* About this task
Stop after the line containing "Regular French collar shirt 100% cotton": print each line exactly from the first line of the listing up to that point.

--- Records supplied ---

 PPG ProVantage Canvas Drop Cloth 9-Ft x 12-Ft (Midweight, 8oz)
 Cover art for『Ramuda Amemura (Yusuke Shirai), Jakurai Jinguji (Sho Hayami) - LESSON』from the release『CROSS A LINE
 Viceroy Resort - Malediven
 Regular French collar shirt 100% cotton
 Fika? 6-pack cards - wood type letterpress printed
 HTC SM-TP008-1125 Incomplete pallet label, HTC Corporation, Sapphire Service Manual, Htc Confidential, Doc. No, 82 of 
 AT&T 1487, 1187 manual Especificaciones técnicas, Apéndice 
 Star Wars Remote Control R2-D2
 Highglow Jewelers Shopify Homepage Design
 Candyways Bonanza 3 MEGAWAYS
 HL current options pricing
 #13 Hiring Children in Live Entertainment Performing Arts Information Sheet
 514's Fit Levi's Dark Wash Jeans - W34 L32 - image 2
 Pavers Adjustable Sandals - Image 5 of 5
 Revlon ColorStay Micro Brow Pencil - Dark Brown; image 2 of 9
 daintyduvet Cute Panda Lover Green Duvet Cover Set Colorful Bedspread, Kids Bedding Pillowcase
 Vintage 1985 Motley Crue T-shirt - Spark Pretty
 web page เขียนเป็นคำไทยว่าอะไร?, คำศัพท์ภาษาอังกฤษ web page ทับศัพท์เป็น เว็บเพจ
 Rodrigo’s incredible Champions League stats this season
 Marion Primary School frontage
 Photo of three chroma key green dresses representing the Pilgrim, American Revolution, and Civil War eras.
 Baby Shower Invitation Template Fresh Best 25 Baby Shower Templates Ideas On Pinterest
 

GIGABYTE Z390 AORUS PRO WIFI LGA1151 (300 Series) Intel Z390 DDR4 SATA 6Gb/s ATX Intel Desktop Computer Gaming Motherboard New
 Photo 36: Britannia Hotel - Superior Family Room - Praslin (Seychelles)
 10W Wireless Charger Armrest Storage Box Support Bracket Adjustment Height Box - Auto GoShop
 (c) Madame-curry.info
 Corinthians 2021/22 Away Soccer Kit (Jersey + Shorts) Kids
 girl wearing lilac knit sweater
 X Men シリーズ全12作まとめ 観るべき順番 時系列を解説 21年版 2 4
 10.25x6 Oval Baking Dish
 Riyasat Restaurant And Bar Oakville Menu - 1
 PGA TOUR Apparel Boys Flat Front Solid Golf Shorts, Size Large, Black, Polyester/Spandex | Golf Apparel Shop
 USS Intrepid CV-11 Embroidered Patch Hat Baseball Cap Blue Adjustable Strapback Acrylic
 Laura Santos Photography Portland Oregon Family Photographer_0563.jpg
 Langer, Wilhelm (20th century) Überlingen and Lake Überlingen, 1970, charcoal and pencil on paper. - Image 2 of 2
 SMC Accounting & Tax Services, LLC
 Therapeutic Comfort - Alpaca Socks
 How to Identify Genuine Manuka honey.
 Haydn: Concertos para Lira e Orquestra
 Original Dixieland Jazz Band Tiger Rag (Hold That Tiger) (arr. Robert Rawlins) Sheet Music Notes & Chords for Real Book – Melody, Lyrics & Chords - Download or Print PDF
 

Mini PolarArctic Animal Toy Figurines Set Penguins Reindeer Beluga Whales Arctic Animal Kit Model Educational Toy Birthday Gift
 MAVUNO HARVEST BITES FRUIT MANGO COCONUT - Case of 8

---

* Response area
 PPG ProVantage Canvas Drop Cloth 9-Ft x 12-Ft (Midweight, 8oz)
 Cover art for『Ramuda Amemura (Yusuke Shirai), Jakurai Jinguji (Sho Hayami) - LESSON』from the release『CROSS A LINE
 Viceroy Resort - Malediven
 Regular French collar shirt 100% cotton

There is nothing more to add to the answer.